Raw data:
:::::

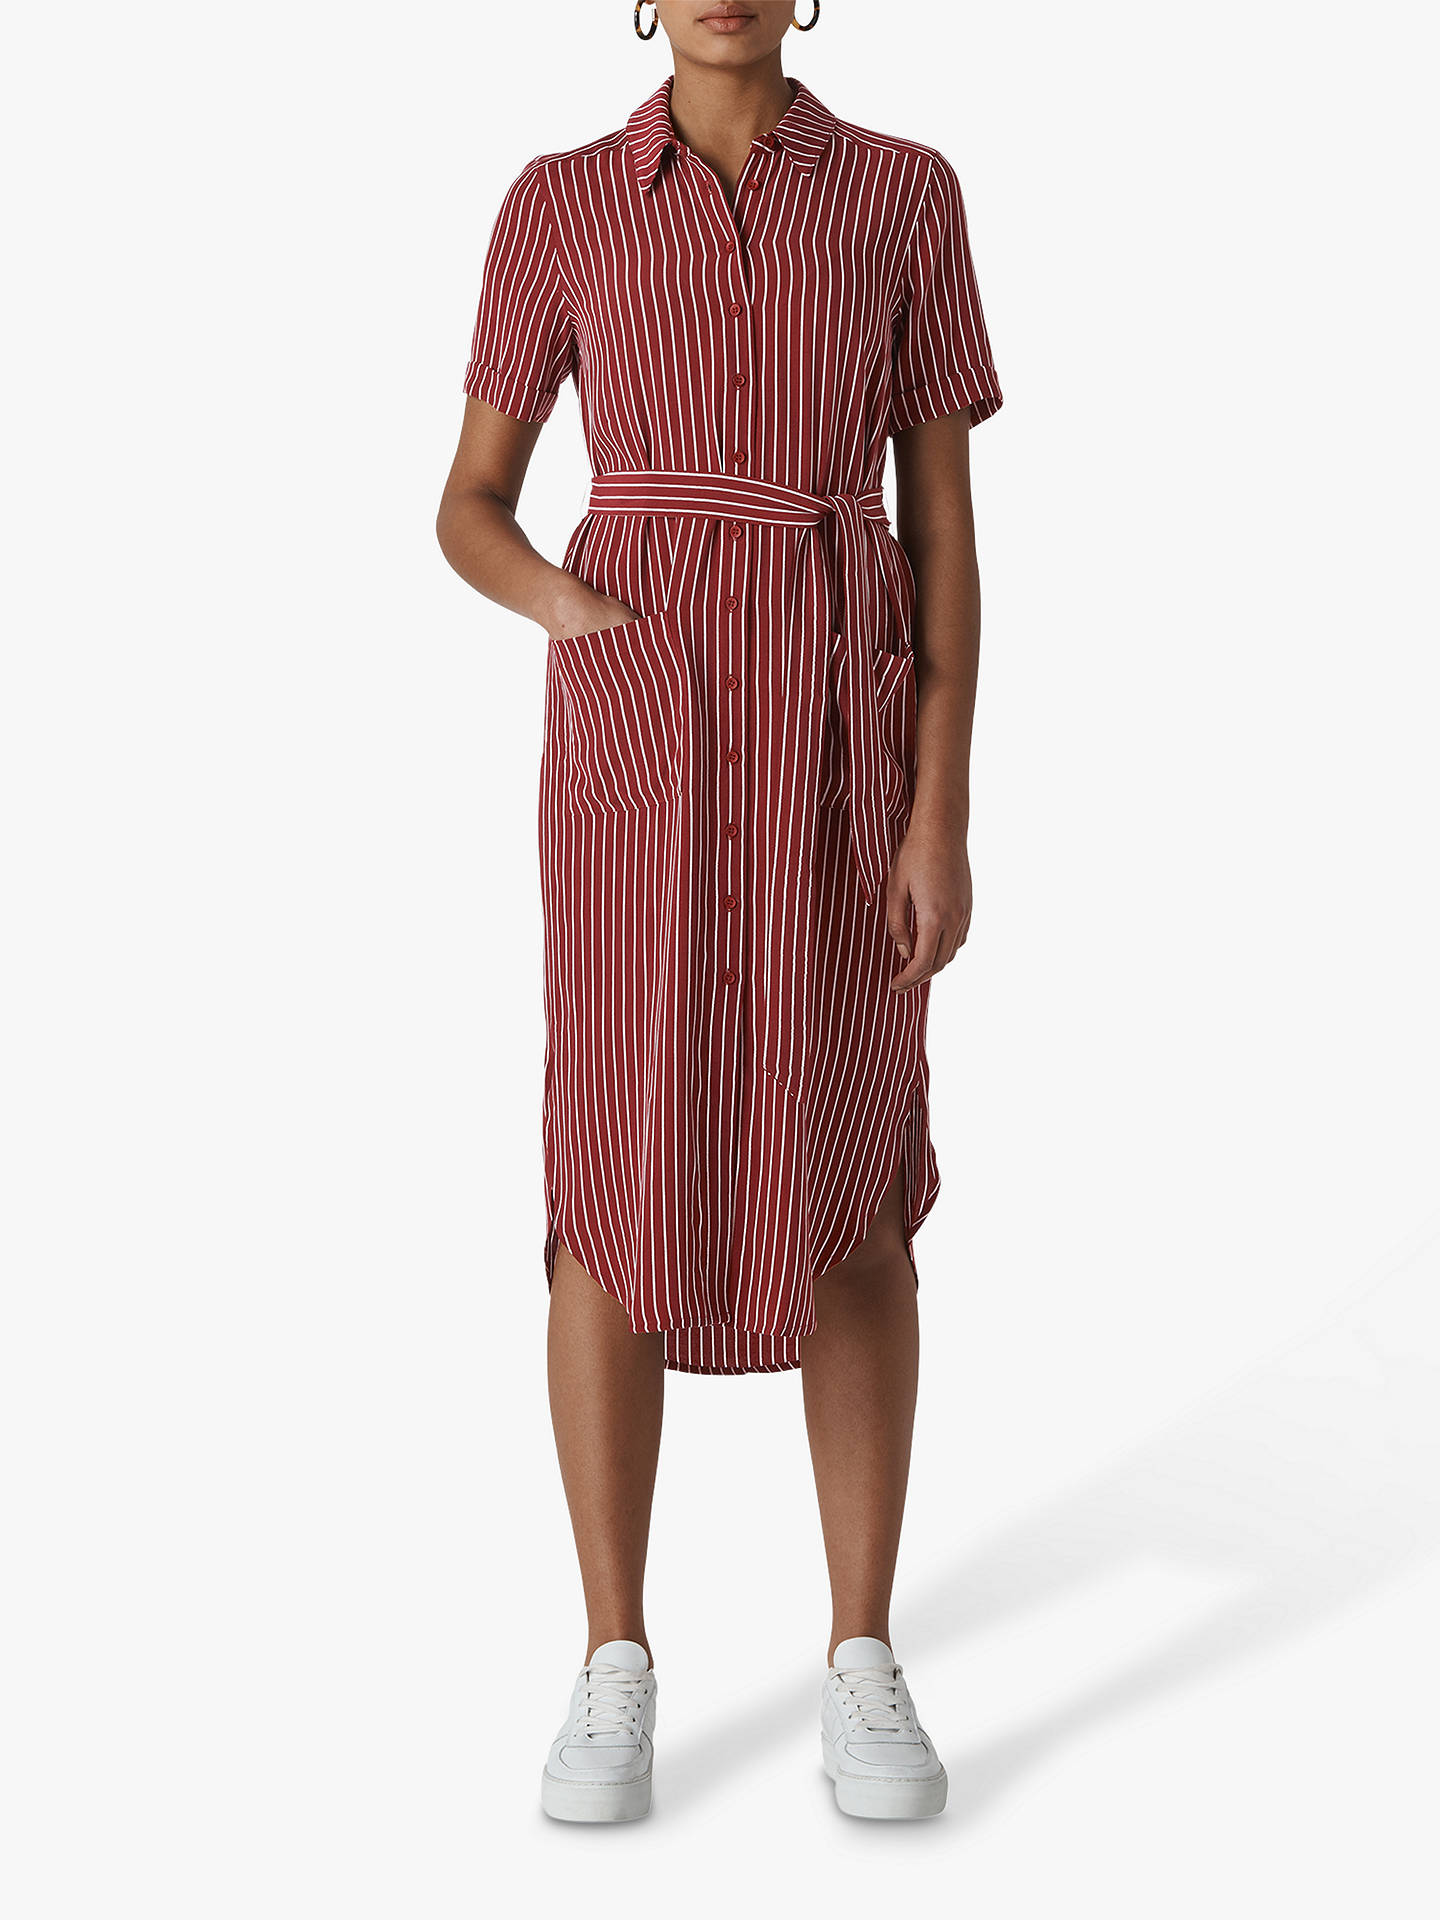 7b11cc45ec6 Buy Whistles Montana Shirt Dress
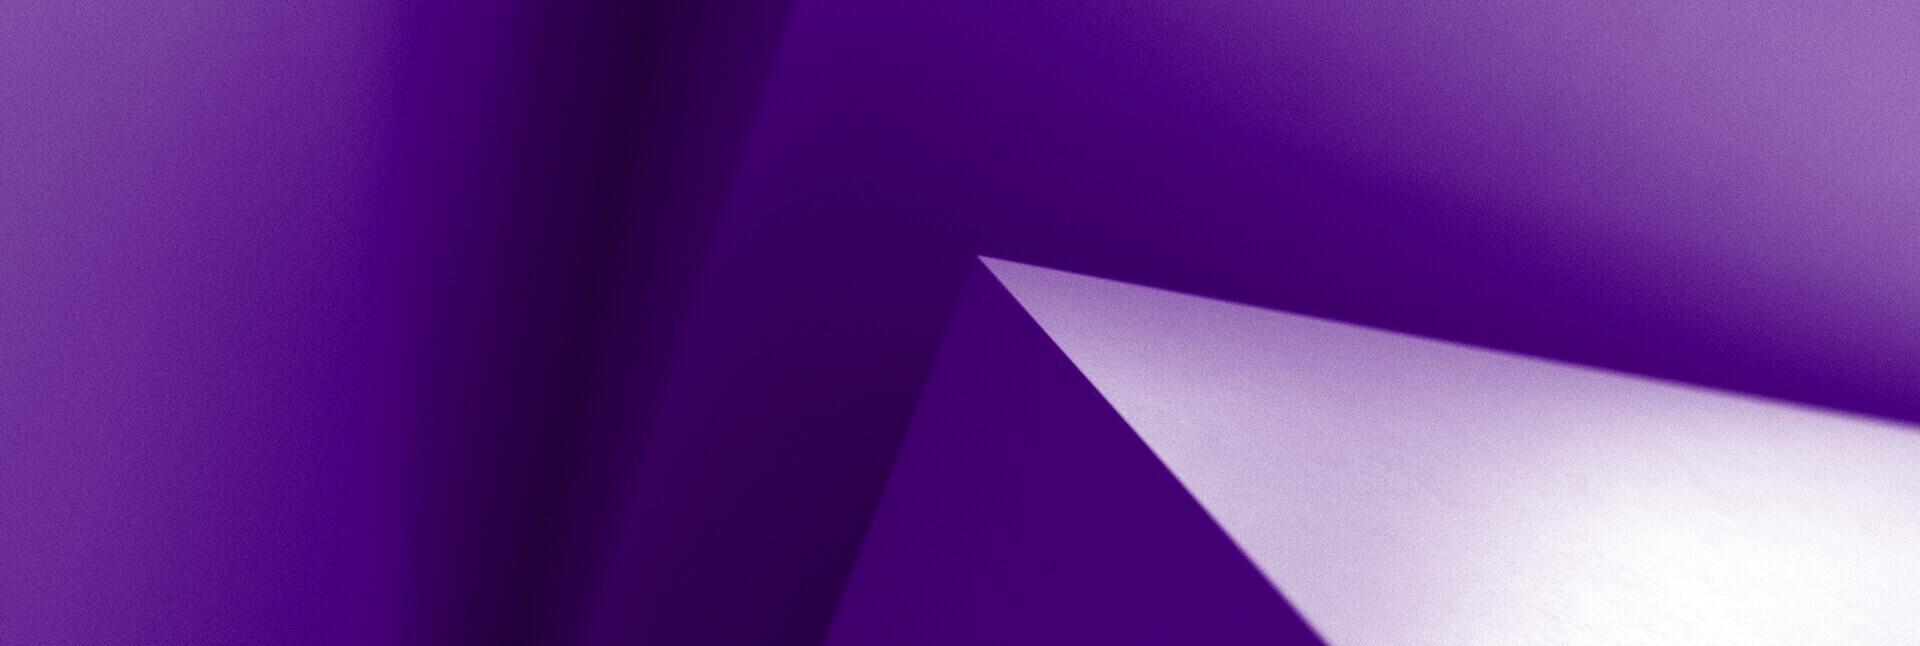 rra-background-purple-3-2018.jpg
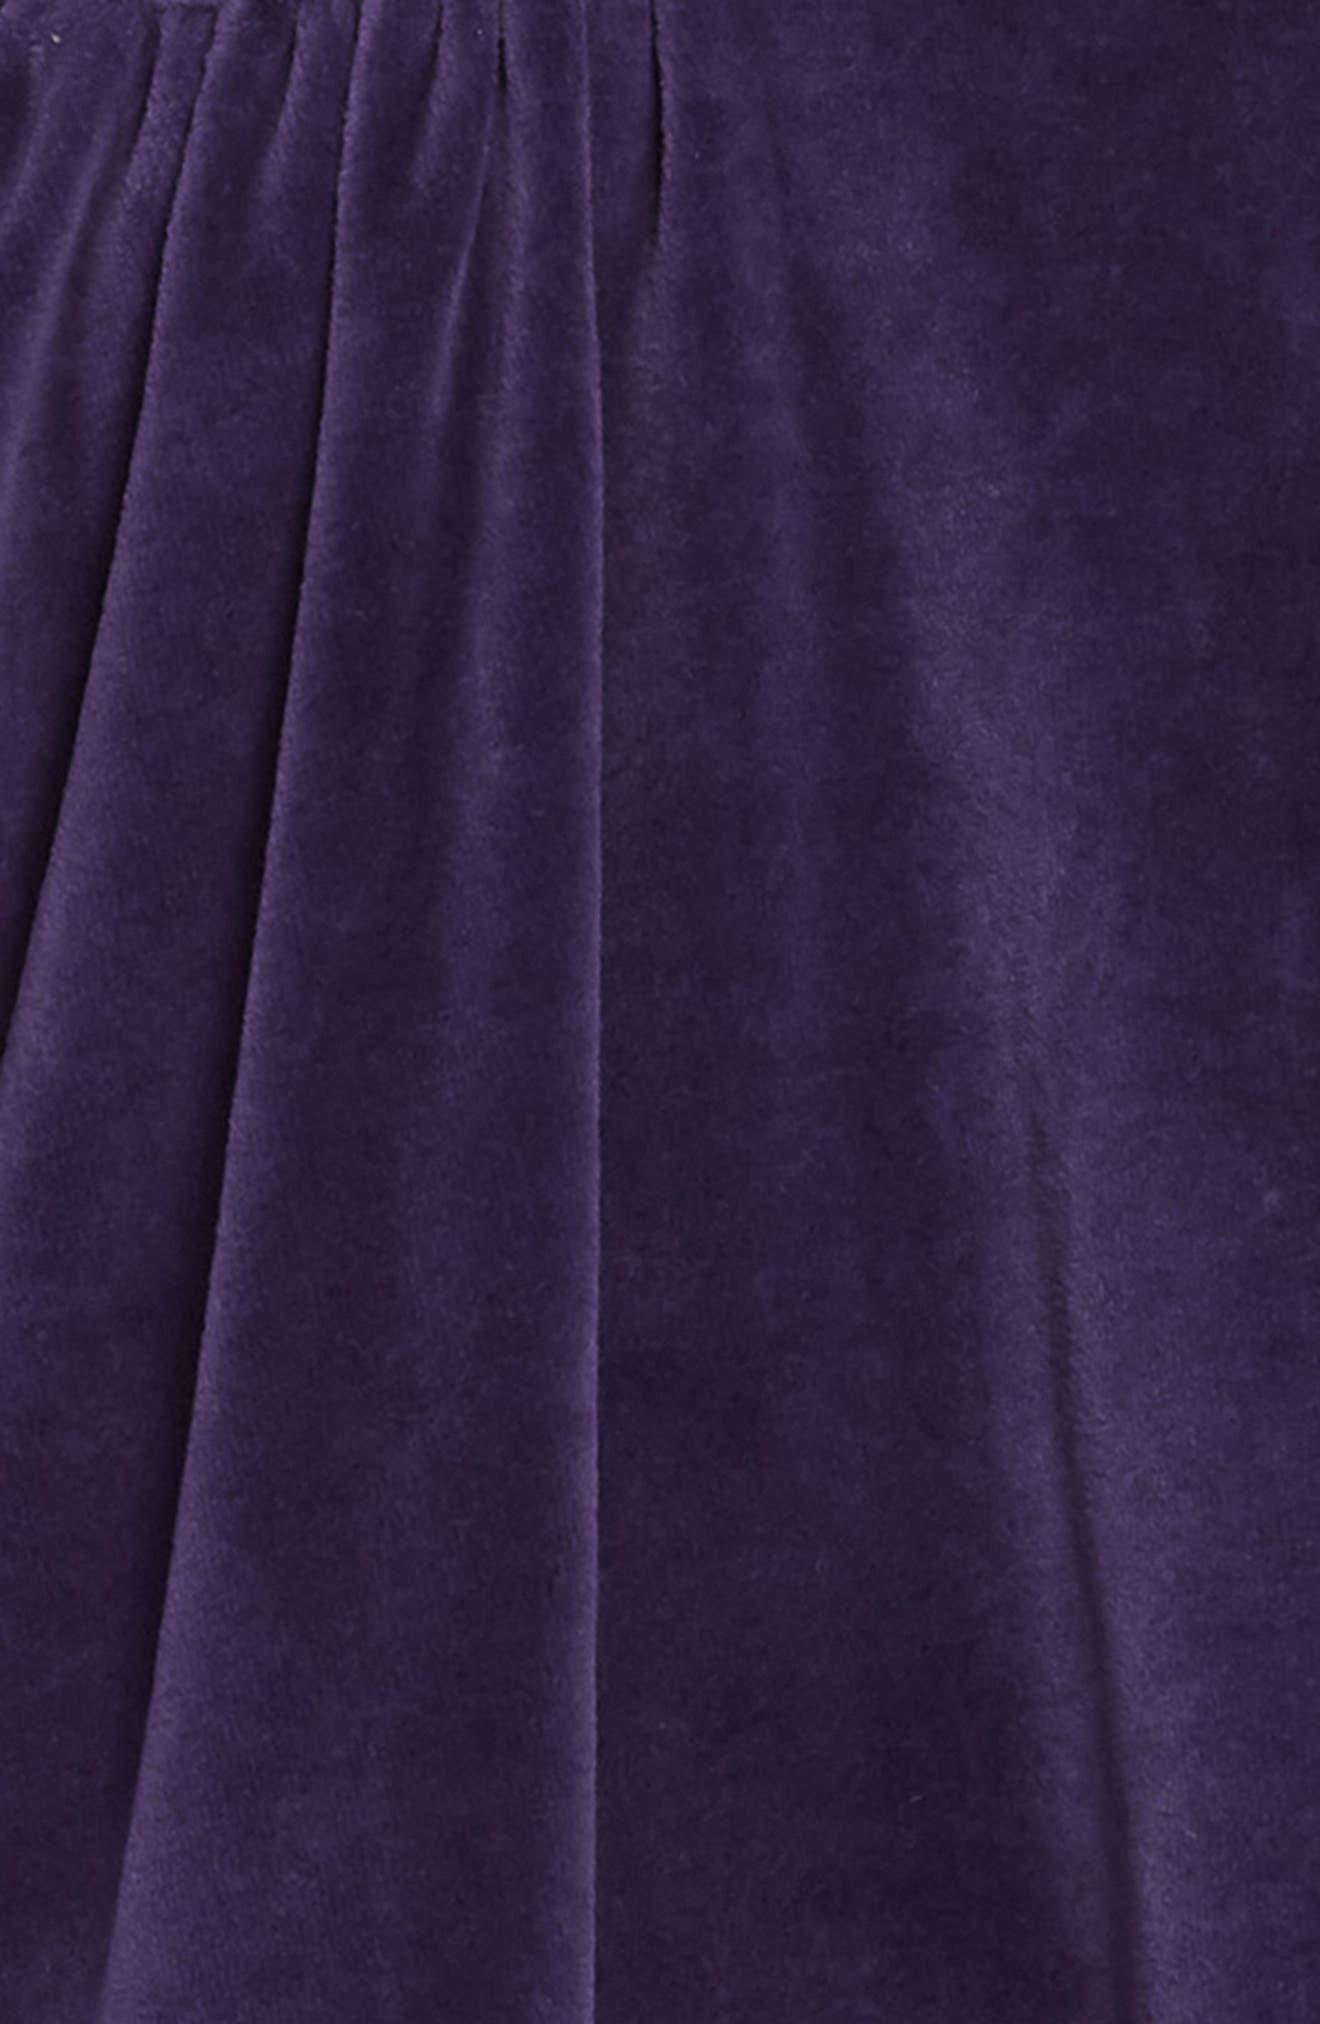 Festive Velour Dress,                             Alternate thumbnail 3, color,                             BLU PRUSSIAN BLUE

:::::

Assigned task:
Set down the entire material verbatim, with each picture left out.

Task response:
 7b11cc45ec6 Buy Whistles Montana Shirt Dress
 rra-background-purple-3-2018.jpg
 Festive Velour Dress,                             Alternate thumbnail 3, color,                             BLU PRUSSIAN BLUE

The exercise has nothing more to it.